AFSCME strike risks could be life-changing, group warns
If lllinois state employees end up going on strike, they could be risking more than their paychecks: They could lose their jobs, a public policy research group said recently.
The American Federation of State, County and Municipal Employees (AFSCME) voted in February to authorize its bargaining committee to call a strike if necessary, but any such move was put on hold in early March when an appeals court ruled against Gov. Bruce Rauner imposing contract terms on the union. If he had won his argument that the two sides were at an impasse, he could have imposed terms, which would have allowed AFSCME to strike.
Both sides must now wait for the appellate court to decide whether an impasse does in fact exist. Such a ruling could take months, experts say.
Analysts at the Illinois Policy Institute are urging the union to take caution before acting, stressing individual rights and circumstances over the possibility of a one-size-fits-all mass protest movement, and adding that “whether to strike is an intensely personal and important decision."
Encouraging employees to educate themselves beforehand, the institute advocated for a full understanding of the risks versus the potential benefits of a strike.
First and foremost, it argues, any worker who goes on strike must understand that the greatest risk involves the possibility of losing his job.
Estimating that union workers could average individual up-front losses of $8,000 a month, the group's analysts also reminded constituents that there are risks beyond the immediate short-term scenario of coping with expenses during the strike itself.
Specifically, workers must weigh the pros and cons of putting years of accrued benefits at risk — possibly losing everything they have worked for.

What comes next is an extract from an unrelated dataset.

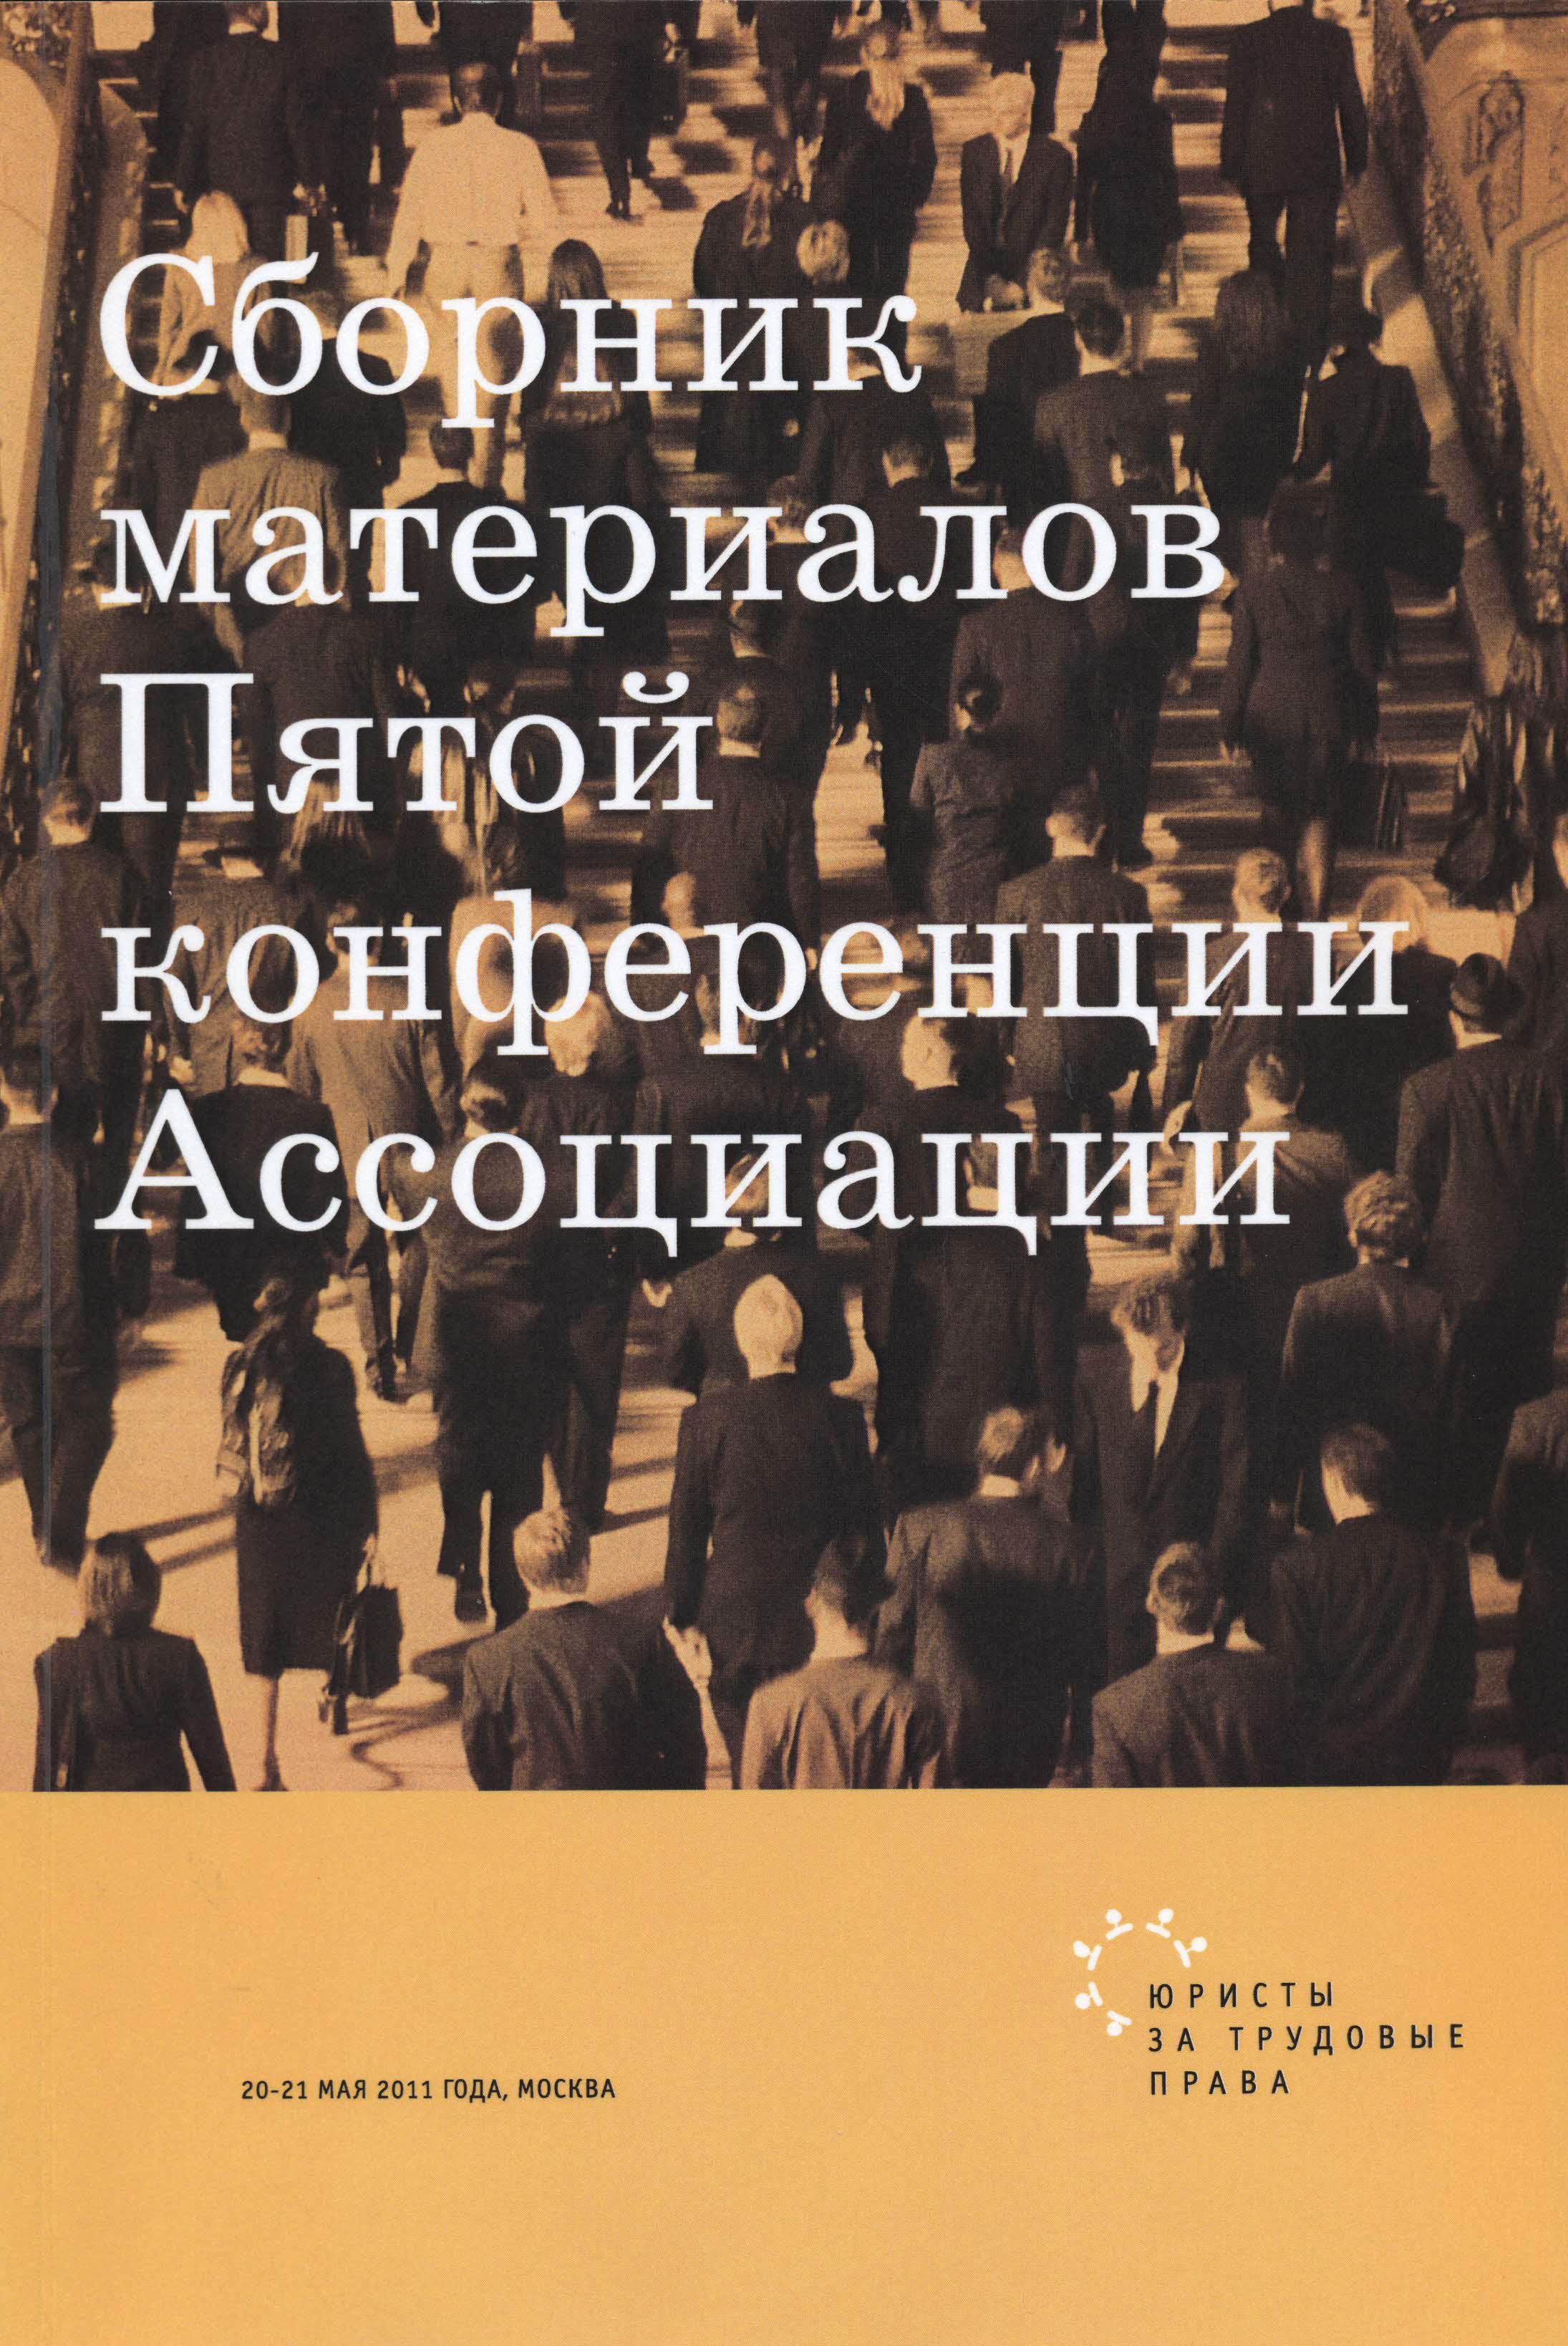 Сборник материалов Пятой конференции Ассоциации «Юристы за трудовые права»

“It has long been reported that AFSCME doesn’t maintain a strike fund, which is a big disadvantage for employees who walk off the job,” the IPI said.
This means that few protections are in place for potential strikers. It also pointed out that Roberta Lynch, executive director of AFSCME Council 31, will continue to draw her paycheck while participating workers put their own on the line.
The IPI explained that, depending on the type of strike, workers might or might not be protected. Generally, they are guaranteed to keep their jobs in unfair labor practice strikes, but not necessarily in economic strikes.
Workers who engage in an economic strike — which analysts predict is the more likely category under the current circumstances — could be permanently replaced.